Moreover, it is doubtful whether such a third party acquirer would be able to swiftly
integrate and assimilate the transferred technology within its business in the short to
medium term. A possible delay would make the third party acquirer non competitive
in this market while the dominant position of the parties would remain. Furthermore,
a third party acquirer might not be able to adapt its research and development efforts
on the transferred technology so as to fully exploit the benefits of such technology in
the future. Overall, a mere transfer of technology would not enable the new acquirer
to establish itself in the market and get the necessary approvals and accreditation
from customers so as to become a viable and independent competitor of APA.

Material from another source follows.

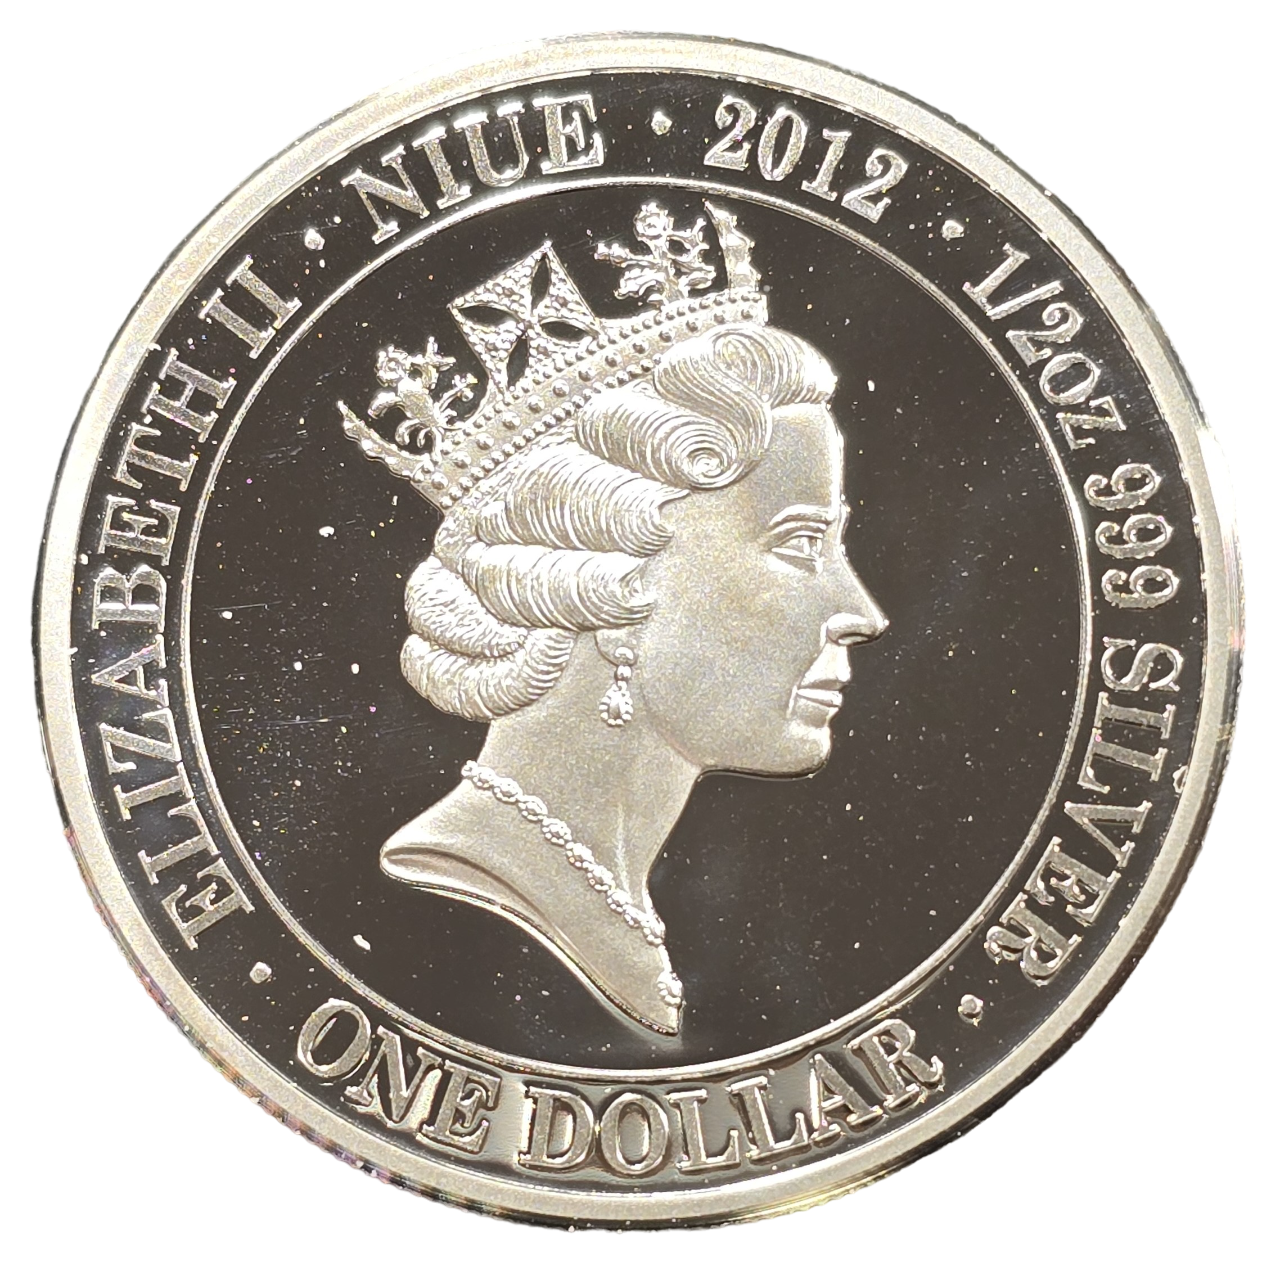 2012 Niue - Vietnam War - Australian involvement 1962 - 1977 - 1/2oz Silver Proof Coin

The same considerations apply to the alternative proposal to sell a line capable of
lacquering aluminium foil for wrapping processed cheese together with a licence of
the technology. The proposed solution would not eliminate the overlap. The merged
firm would keep its current business, including customer contracts and
accreditations. The mere sale of a production line also posed the problem of
accreditation with customers. The Commission gathered evidence of cases where
the established suppliers of cheese foils were discredited by customers because of
the simple fact that they moved some of their production from one site to another.
This resulted in poorer quality product and to the removal of the accreditation by
customers. It is, therefore, doubtful whether a third party acquirer would be able to
produce and commercialise a marketable product so as to challenge the dominant
position of the merged firm. Finally, Alcan did not propose the transfer of customer
contracts and accompanying non-competition and non-solicitation clauses.
Therefore, the Commission considered that the proposed undertaking was not
sufficient to prevent the creation of a dominant position.